レオナルド・ダ・ヴィンチが生涯手元に置いていた三枚の絵画のうちの一枚が《洗礼者聖ヨハネ》です。
今日は、この『洗礼者聖ヨハネ』のモデルは女性なのでは? という謎に迫りたいと思います。
どうやって?
男性と女性とでは、動きが違います。静止画像を見ていると男なのか女なのか分からない時でも動画を見ると分かる場合があります。今回の謎解きでは、この手法を使います。
ダ・ヴィンチの「洗礼者聖ヨハネ」とは?
1513年頃に描かれたとされる「洗礼者ヨハネ」は、ダ・ヴィンチ最晩年の傑作です。この絵が描かれはじめたのは1505年からとする説があるようです。
聖ヨハネの右手人差し指は天を指さし微笑みを浮かべています。
Photo: Wikipedia
ダ・ヴィンチの描く人物は、「雌雄両生的」な感じのものがあり、その中でもこの絵が極めつけという気がします。
この絵は、本当に聖ヨハネなのでしょうか? 管理人には女性に見えます。
2016年、この絵の修復が行われました。何度も重ねられてきたニスによって本来の線の判別が難しくなっていました。2016年1月下旬に展示室から撤去され修復作業が始まり、10ヶ月あまりで作業は完了したようです。
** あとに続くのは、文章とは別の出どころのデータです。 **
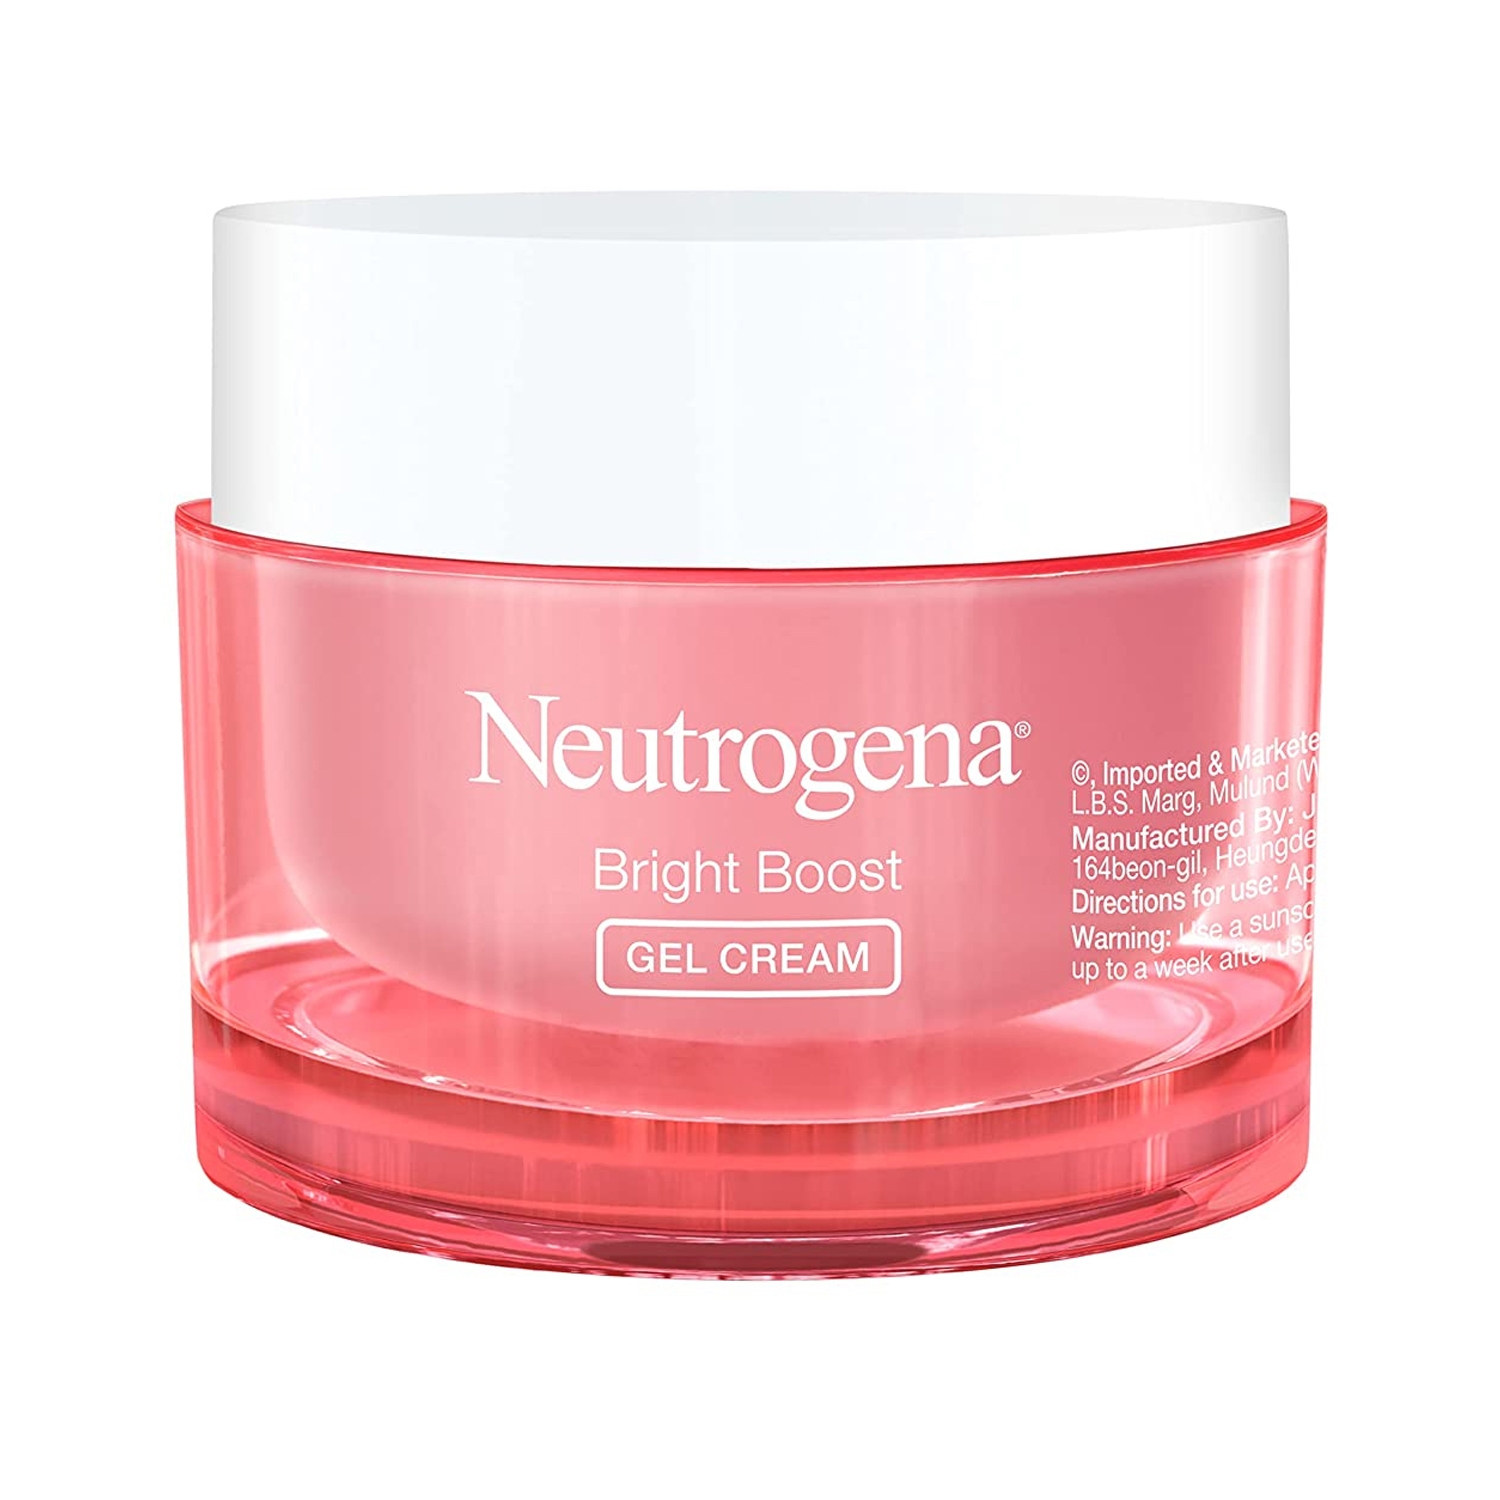 Neutrogena | Neutrogena Bright Boost Gel Cream Face Moisturizer (15g)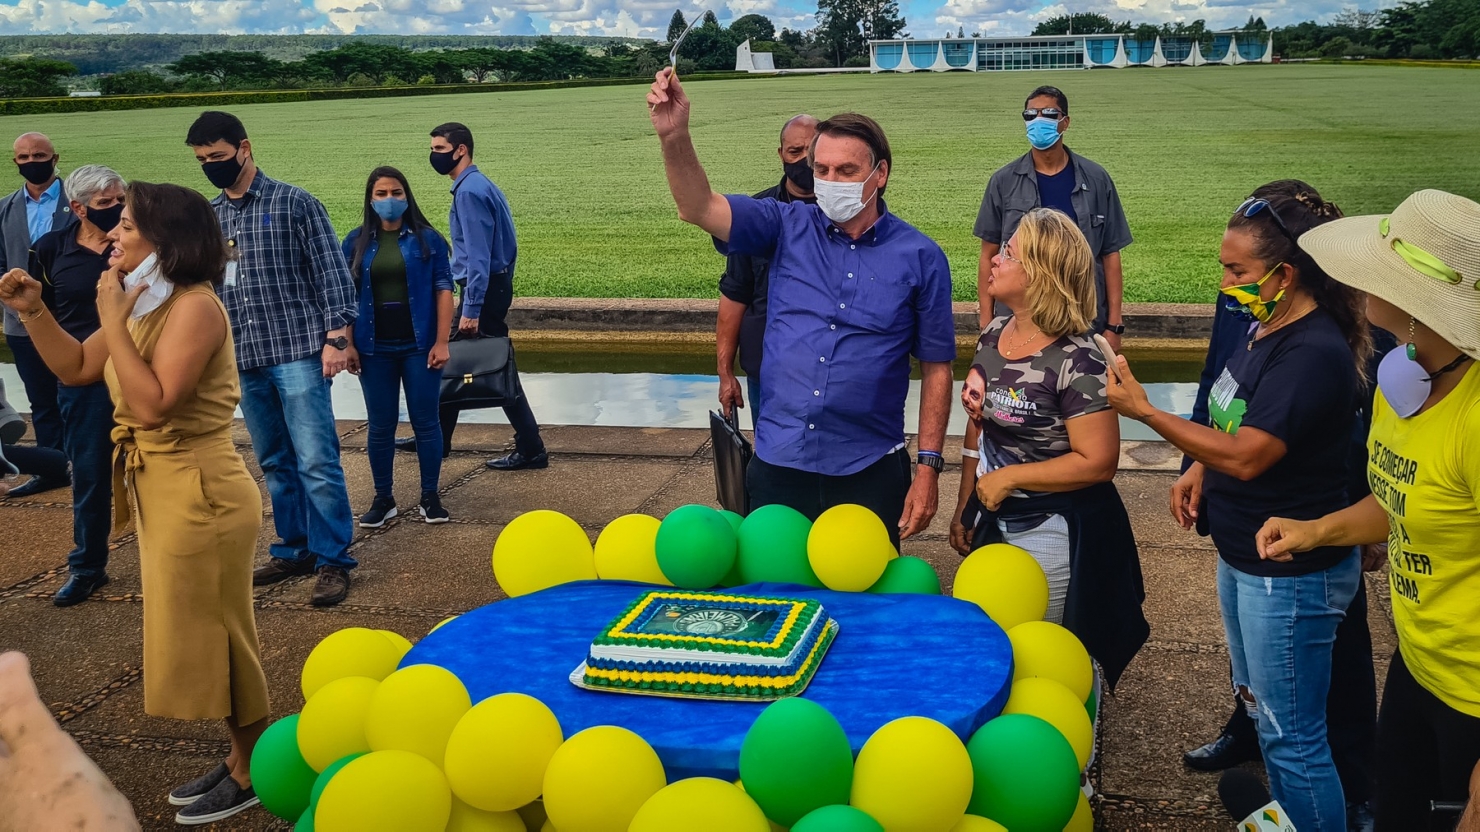 Brazilia - Ziua presedintelui Jair Bolsonaro și record la decese de covid

このときの修復は、表面に塗られている保護用のニスの層を薄くする作業が行われました。
この修復により、髪の毛のカールや色、毛皮がくっきりしました。
黒い背景に埋没して、全体がよく見えなかったのですが、修復により、かなり鮮明になったという印象を受けます。
聖ヨハネは右手人差し指で天を指していますが、十字架は持っていません。十字架は肩に置かれているだけで、どの手でも支えられていません。
それがなんなのさ?
この右手を動かすので、右手で隠れている部分の順番が重要になります。
この絵が「聖ヨハネ」を描いたものだとしても、モデルは女性だったのではないでしょうか。
胸のところに置かれた左手が、まるでふくらみを包み込むような手の形になっている。しかし、右手が邪魔でよく見えない。
そこで、右手を動かしてもらうことにします。
「洗礼者聖ヨハネ」の右手を動かしてみる
修復作業により、以前と比べて輪郭がはっきりしました。これをさらにくっきり画像に加工し、その上で、右手を動かしたいと思います。
上の画像を見ても違和感を感じないのではないでしょうか。
さらに、GIFアニメで動かしてみましょう。
このように動かしてみるとよく分かるのですが、肩の丸みや胸を隠すような右手の構図、そして左手の形などから、この絵のモデルは女性だったのではないかと管理人は考えました。少なくとも男の体型ではありません。
絵を見ただけで”女性的に見える”と思うだけでなく、実際に動かしてみることで、その確信が深まったように思います。
この動きは、”Photoshop CC” の「パペットワープ」で肩関節を固定して動かしています。比較的自然に見えると思いますが。